Big mistake

I just watched the Friends reunion. It was enjoyable but I was expecting it to be an episode. I’m not sure what I was basing that expectation on. I had built up a whole story in my mind and I was a little disappointed. Silly really. It was a thoroughly enjoyable trip down memory lane. I’ve always loved to peek behind the scenes of my favourite TV shows with blooper reels and interviews.

Celebrities don’t really interest me for their fame but I am interested in the behind-the-scenes side of movies. I really enjoy the Graeme Norton show. Norton really gets the stars to open up and tell revealing stories. Could be because he was an actor, or could be the booze he gives them.

In one segment of the Friends special, the main cast sat on a huge sofa with James Cordon as host. I would have loved to see Graeme Norton in that chair! To be fair, Cordon is arguably better known in the USA than Norton.

The creators Marta Kauffman and David Crane described the casting process. Both Jennifer Aniston and Matthew Perry were contracted to other shows but were released to be on Friends. Aniston was advised to stick with the other show. The producer told her Friends would never make her famous but I guess the rest is history.

You just never know what’s going to happen. You might run your flag up the wrong flagpole, get on the wrong train, hitch your wagon to the wrong horse… Stuff goes wrong, sure, but if you want to live a creative life, or any life for that matter, you can’t sit there and do nothing.

When you keep your options open you just end up with a whole lot of options.

My novels are in the local library. In my first, Hotel Deja Vu, there are two words missing from the dedication. It’s mortifying. It feels like a huge mistake, like the haircut I had in year 11. Like the boy I dated in year 9.

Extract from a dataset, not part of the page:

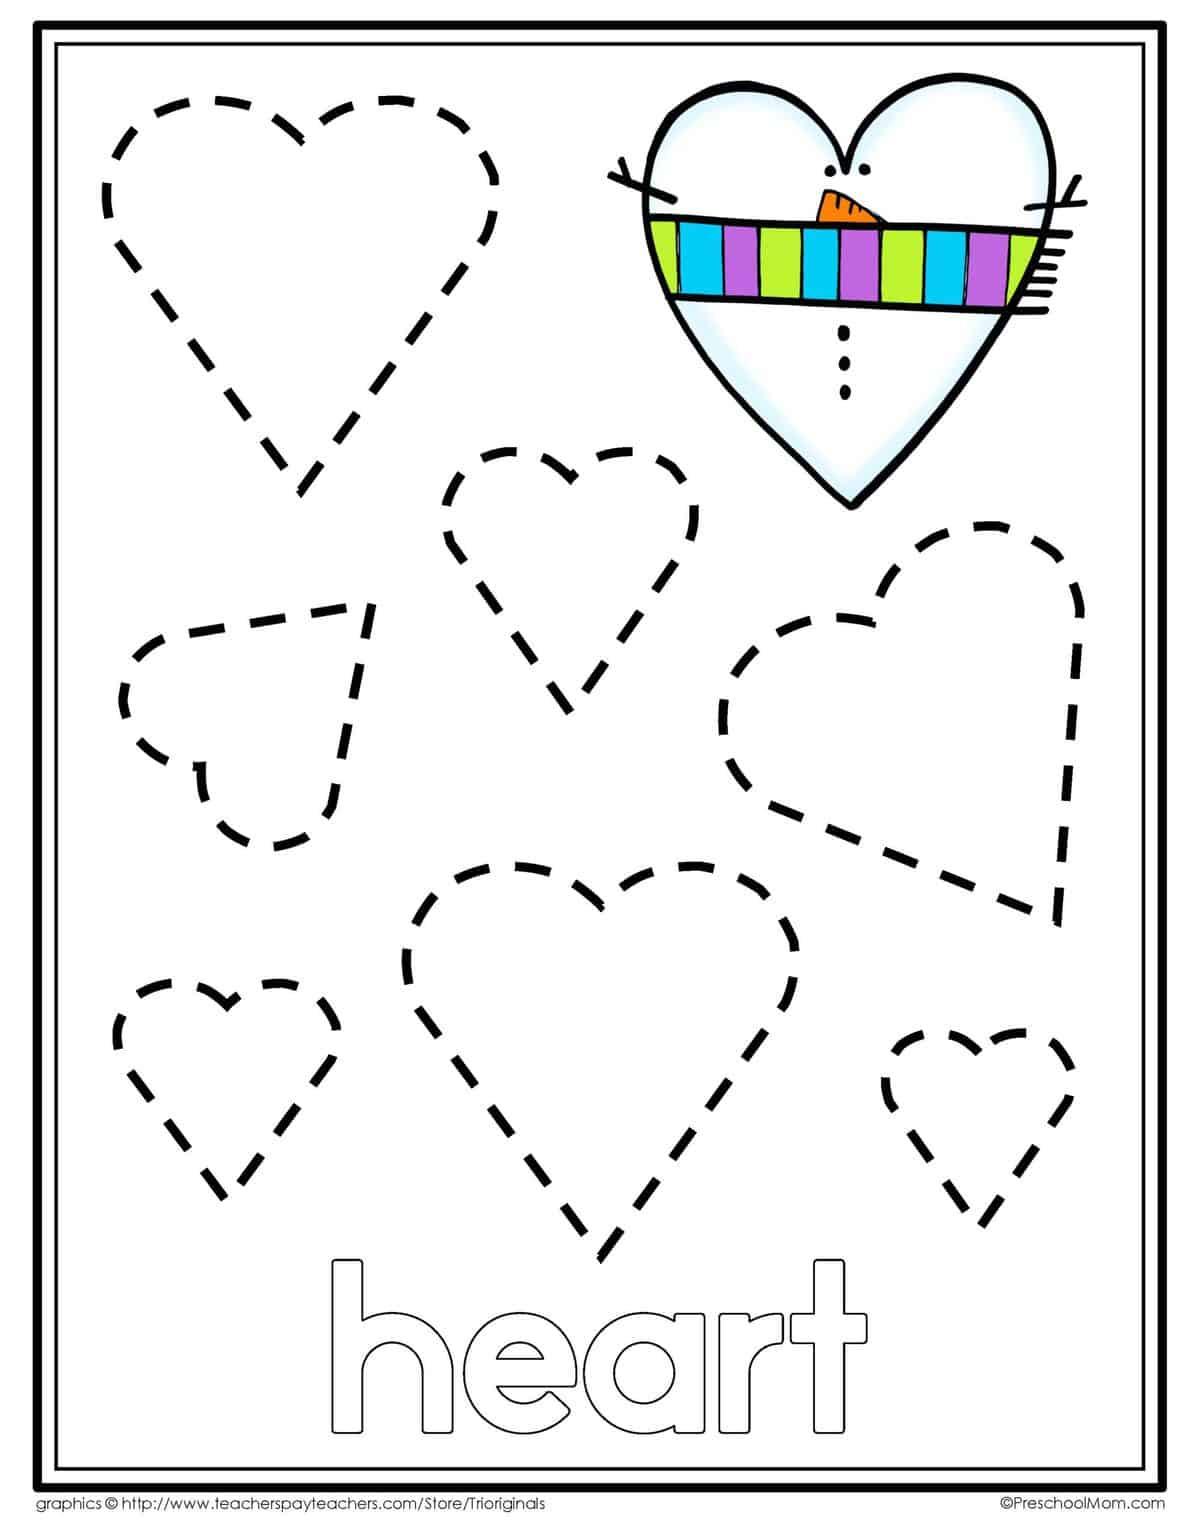 Heart Tracing Worksheets For Preschool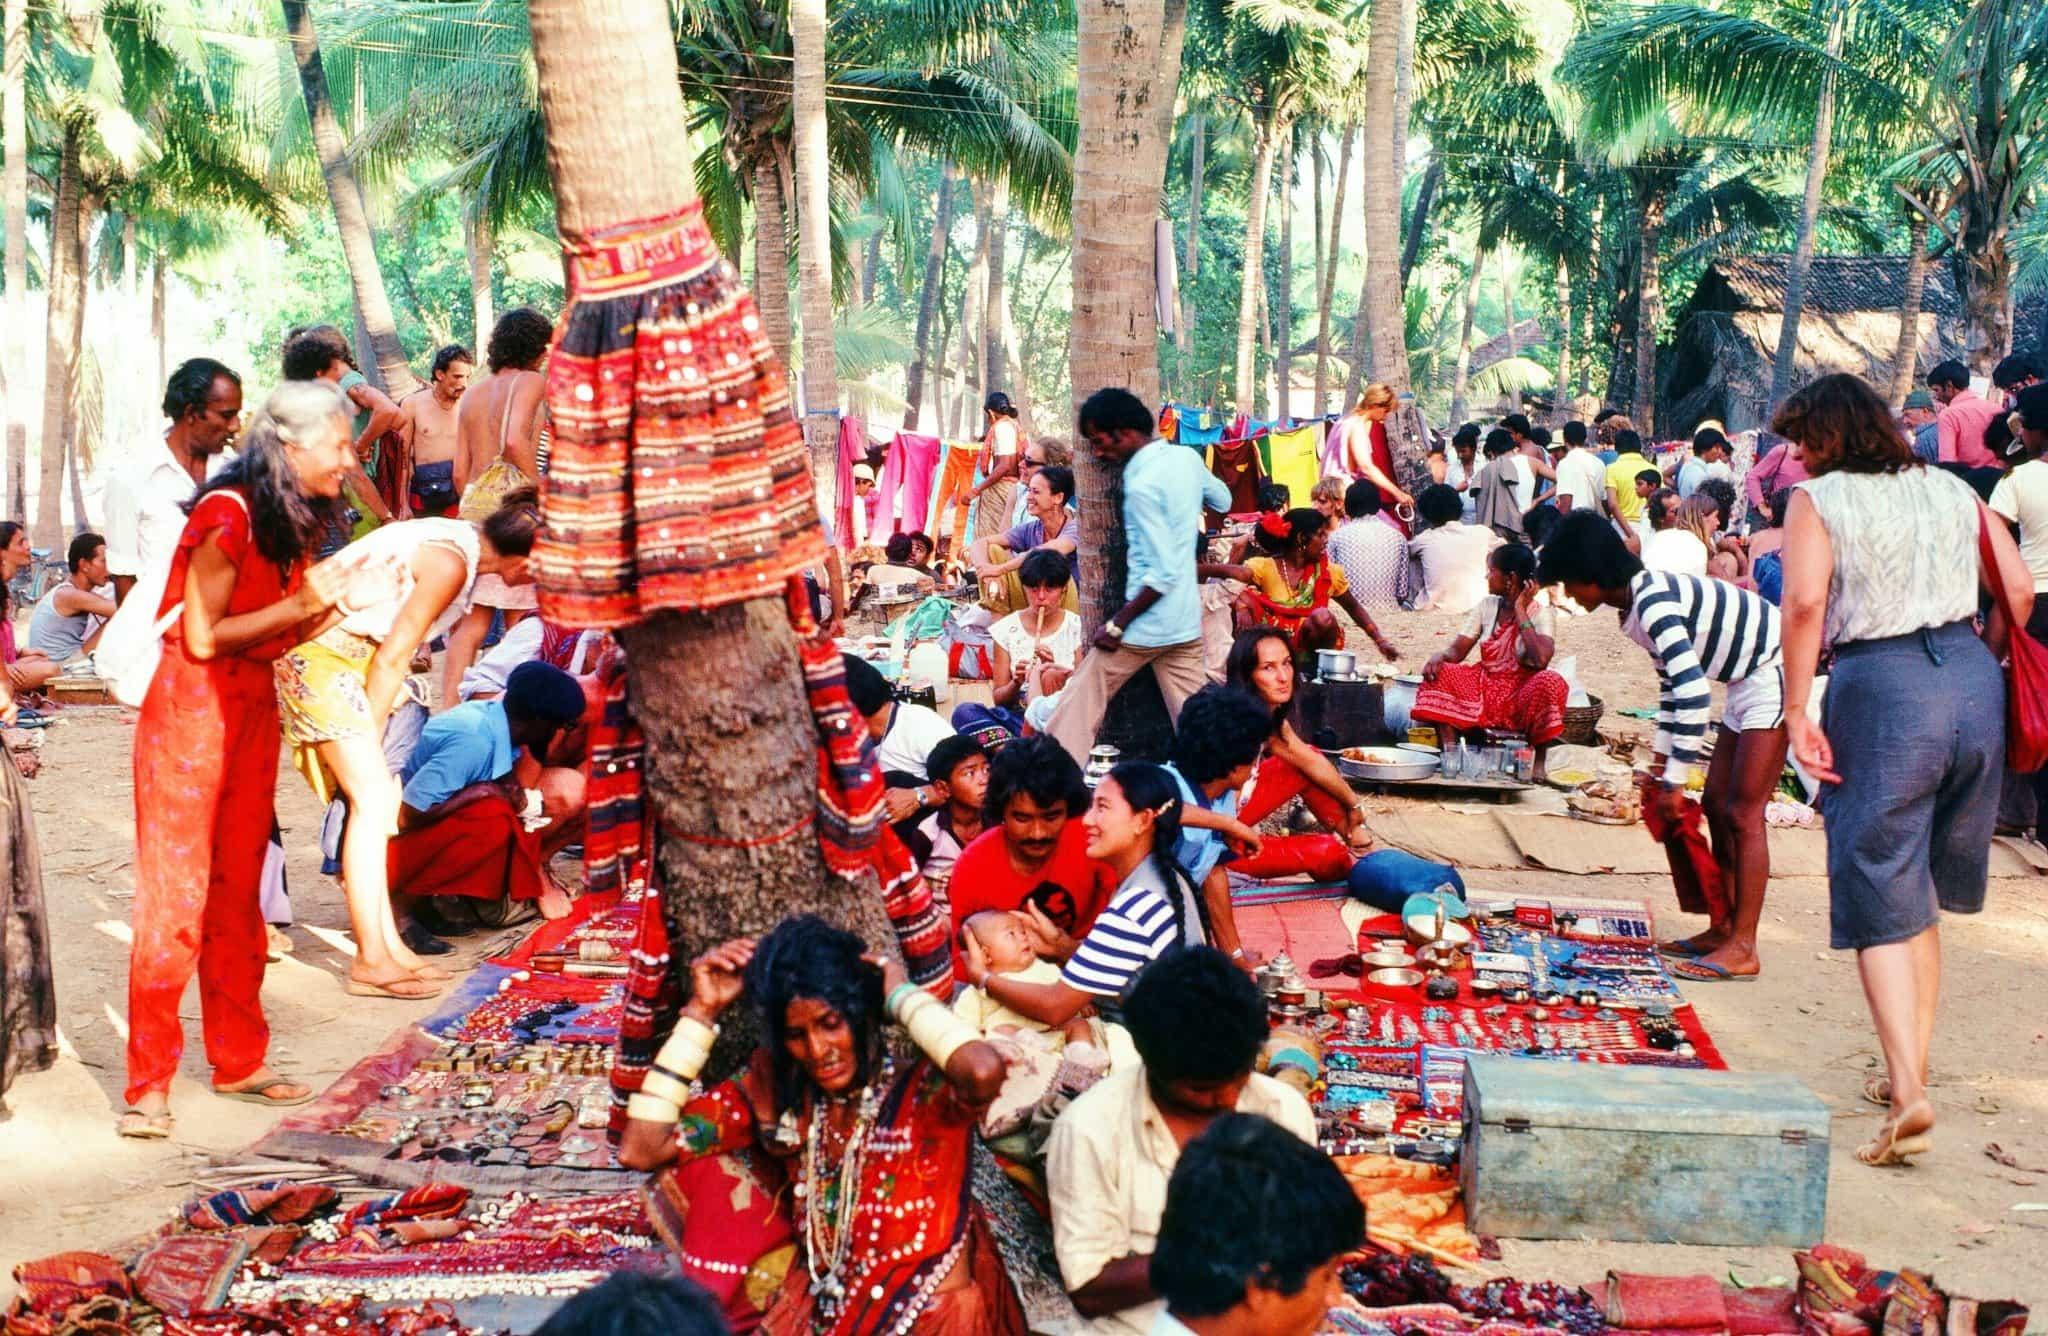 Anjuna flea market, Goa, 1982 (Photo credit unavailable).

The rest of the novel is pretty tight and Alia Henry is fine. I’d like to think my writing is fairly decent now. I’ve been working on my craft for three years, reading books, and doing classes to improve my writing. This blog has helped. I have nearly 600 (597 to be exact!) blog posts now! But the truth is I’m a terrible publisher.

Sometimes I worry my early attempts at self-publishing have been something of a miss-step. I think of those two little words missing from the dedication and it drives me bonkers!

cringe-worthy…. I’m going to swap the books over in the library when I get the updated ones…

However…I really don’t know if I’d have kept at it if I didn’t start this blog, if I didn’t self-publish my novels. I think I may have lost interest or become frustrated with sending off queries…or maybe I would have had representation by now?

Anyway… nothing ventured, nothing gained.

This is why I’m working towards signing with an agent. I’ve been driving friends and family crazy with requests for feedback on the synopsis I’ve written. I no longer have an alpha reader – life got in the way – so I am hasseling my loved ones for help. Writing a synopsis for an agent is very different to writing a blurb for the back matter. You must lay the story bare, so it’s not something I really want to post on the web just yet.

I love writing and editing and I’ve learnt to love marketing but I do not like formatting or book design. If all else fails, if I can’t sign with an agent or get a publishing house to take my stories, I know I can hire someone to do those jobs and stick with indie publishing. Just give me a run at an agent first.


I’m reading Gail Carriger’s ‘The Heroine’s Journey’. My work-in-progress Circle of Ashes is a heroine’s journey. When I was writing the first draft for Nanowrimo (Nov 2018) I thought I was writing a hero’s journey but it turned out to be most definitely of the heroine variety. I highly recommend this non-fiction book for writers but as Carriger says, reders and fans of pop culture would get a lot out of it. Critics, editors, and reviewers would really benefit too, as the concept of the Heroine’s journey isn’t very well known. I heard Carriger interviewed by Joanna Penn on her podcast The Creative Penn and had bought the book before they had finished talking.

Find Gail Carriger here

“The feminine journey is about going down deep into soul, healing and reclaiming, while the masculine journey is up and out, to spirit.”

MAUREEN MURDOCK, THE HEROINE’S JOURNEY
In my work in progress I’ve named the chapters using the stages in Carriger’s Heroine’s Journey. They won’t stay like that…

feature photo – Wollumbin from Tyalgum (Mt Warning) New South Wales by Christine Betts

2 Comments

  1. Beverley Streater

    I love your tip about using the aim of each chapter (in this case, the heroine’s journey) as its title in the first instance. Such a good way to stay on theme! Have you looked at KM Weiland’s site? She writes a lot about characters’ arcs.